Monitor Node Health

Monitor Node Health

Node problem detector is a DaemonSet monitoring the node health. It collects node problems from various daemons and reports them to the apiserver as NodeCondition and Event.

It supports some known kernel issue detection now, and will detect more and more node problems over time.

Currently Kubernetes won’t take any action on the node conditions and events generated by node problem detector. In the future, a remedy system could be introduced to deal with node problems.

See more information here.

Before you begin

You need to have a Kubernetes cluster, and the kubectl command-line tool must be configured to communicate with your cluster. If you do not already have a cluster, you can create one by using minikube or you can use one of these Kubernetes playgrounds:

To check the version, enter kubectl version.

Limitations

The kernel issue detection of node problem detector only supports file based kernel log now. It doesn’t support log tools like journald.
The kernel issue detection of node problem detector has assumption on kernel log format, and now it only works on Ubuntu and Debian. However, it is easy to extend it to support other log format.

Enable/Disable in GCE cluster

Node problem detector is running as a cluster addon enabled by default in the gce cluster.

You can enable/disable it by setting the environment variable KUBE_ENABLE_NODE_PROBLEM_DETECTOR before kube-up.sh.

Use in Other Environment

To enable node problem detector in other environment outside of GCE, you can use either kubectl or addon pod.

Kubectl

This is the recommended way to start node problem detector outside of GCE. It provides more flexible management, such as overwriting the default configuration to fit it into your environment or detect customized node problems.

Step 1: node-problem-detector.yaml:

debug/node-problem-detector.yaml

apiVersion: apps/v1
kind: DaemonSet
metadata:
  name: node-problem-detector-v0.1
  namespace: kube-system
  labels:
    k8s-app: node-problem-detector
    version: v0.1
    kubernetes.io/cluster-service: "true"
spec:
  selector:
    matchLabels:
      k8s-app: node-problem-detector  
      version: v0.1
      kubernetes.io/cluster-service: "true"
  template:
    metadata:
      labels:
        k8s-app: node-problem-detector
        version: v0.1
        kubernetes.io/cluster-service: "true"
    spec:
      hostNetwork: true
      containers:
      - name: node-problem-detector
        image: k8s.gcr.io/node-problem-detector:v0.1
        securityContext:
          privileged: true
        resources:
          limits:
            cpu: "200m"
            memory: "100Mi"
          requests:
            cpu: "20m"
            memory: "20Mi"
        volumeMounts:
        - name: log
          mountPath: /log
          readOnly: true
      volumes:
      - name: log
        hostPath:
          path: /var/log/

Notice that you should make sure the system log directory is right for your OS distro.

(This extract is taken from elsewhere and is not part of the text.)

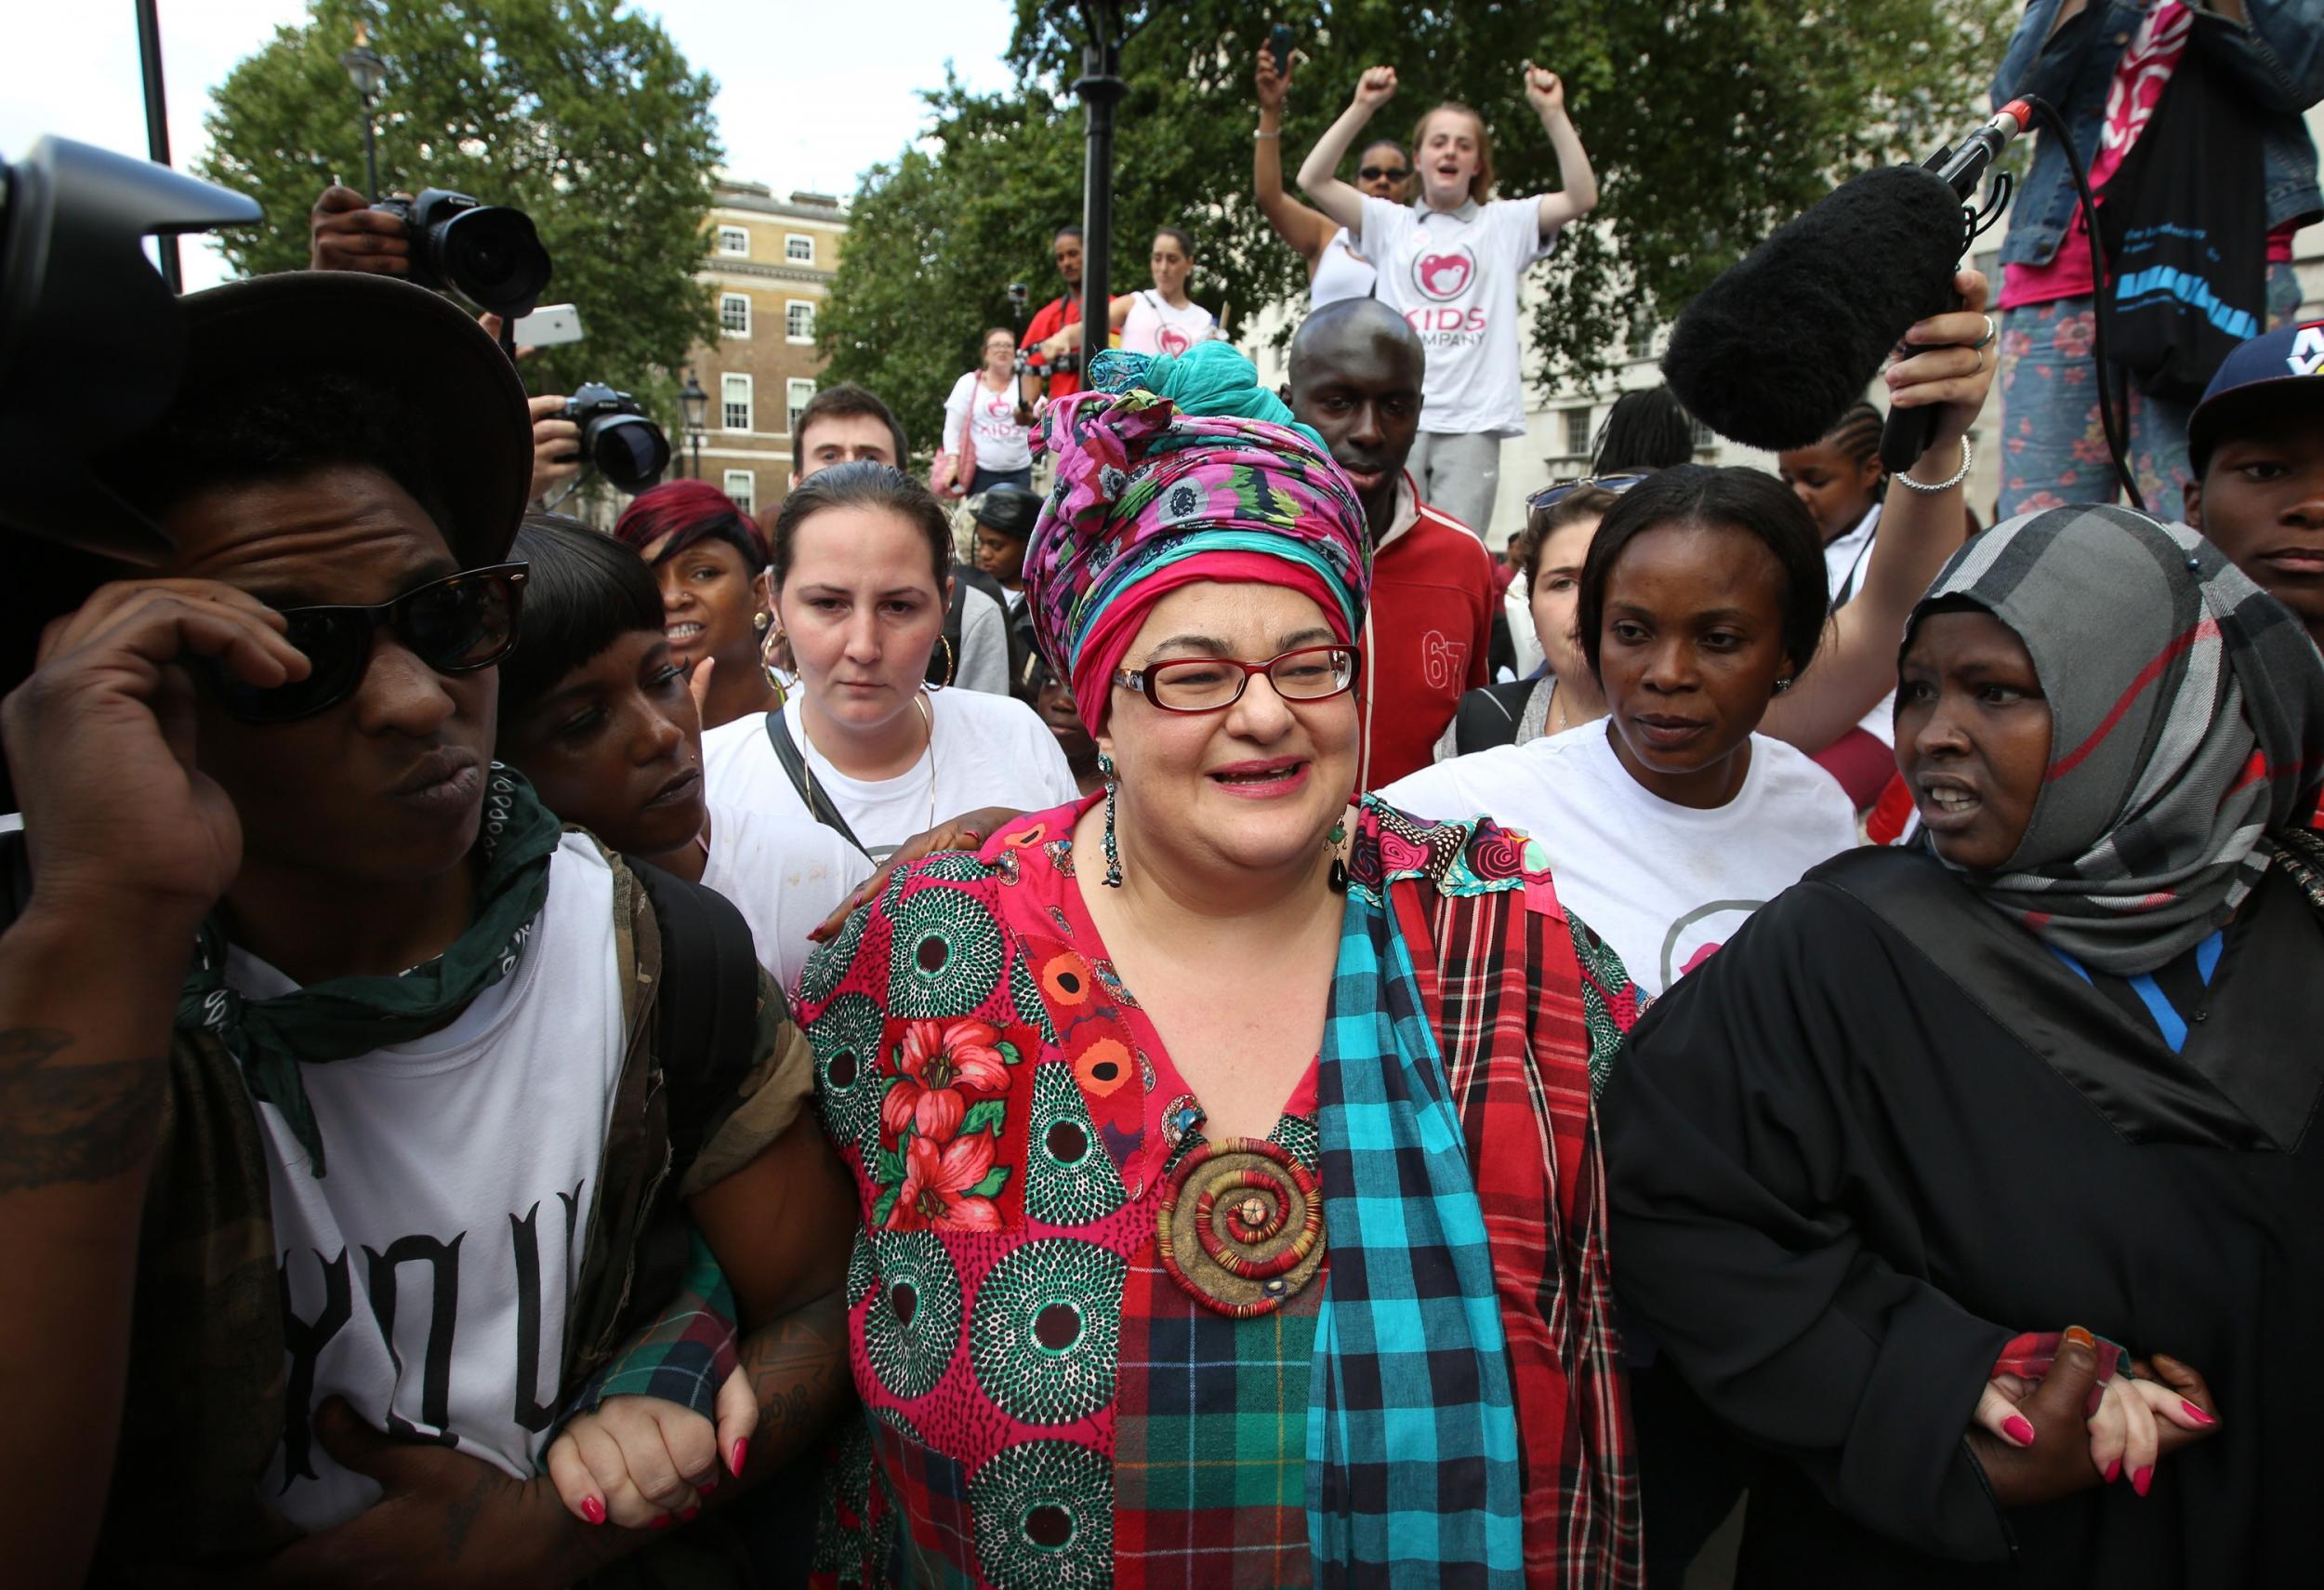 &#13;
Kids Company founder Camila Batmanghelidjh surrounded by supporters in August last year (PA)&#13;

Step 2: Start node problem detector with kubectl:

 kubectl apply -f https://k8s.io/examples/debug/node-problem-detector.yaml

Addon Pod

This is for those who have their own cluster bootstrap solution, and don’t need to overwrite the default configuration. They could leverage the addon pod to further automate the deployment.

Just create node-problem-detector.yaml, and put it under the addon pods directory /etc/kubernetes/addons/node-problem-detector on master node.

Overwrite the Configuration

The default configuration is embedded when building the Docker image of node problem detector.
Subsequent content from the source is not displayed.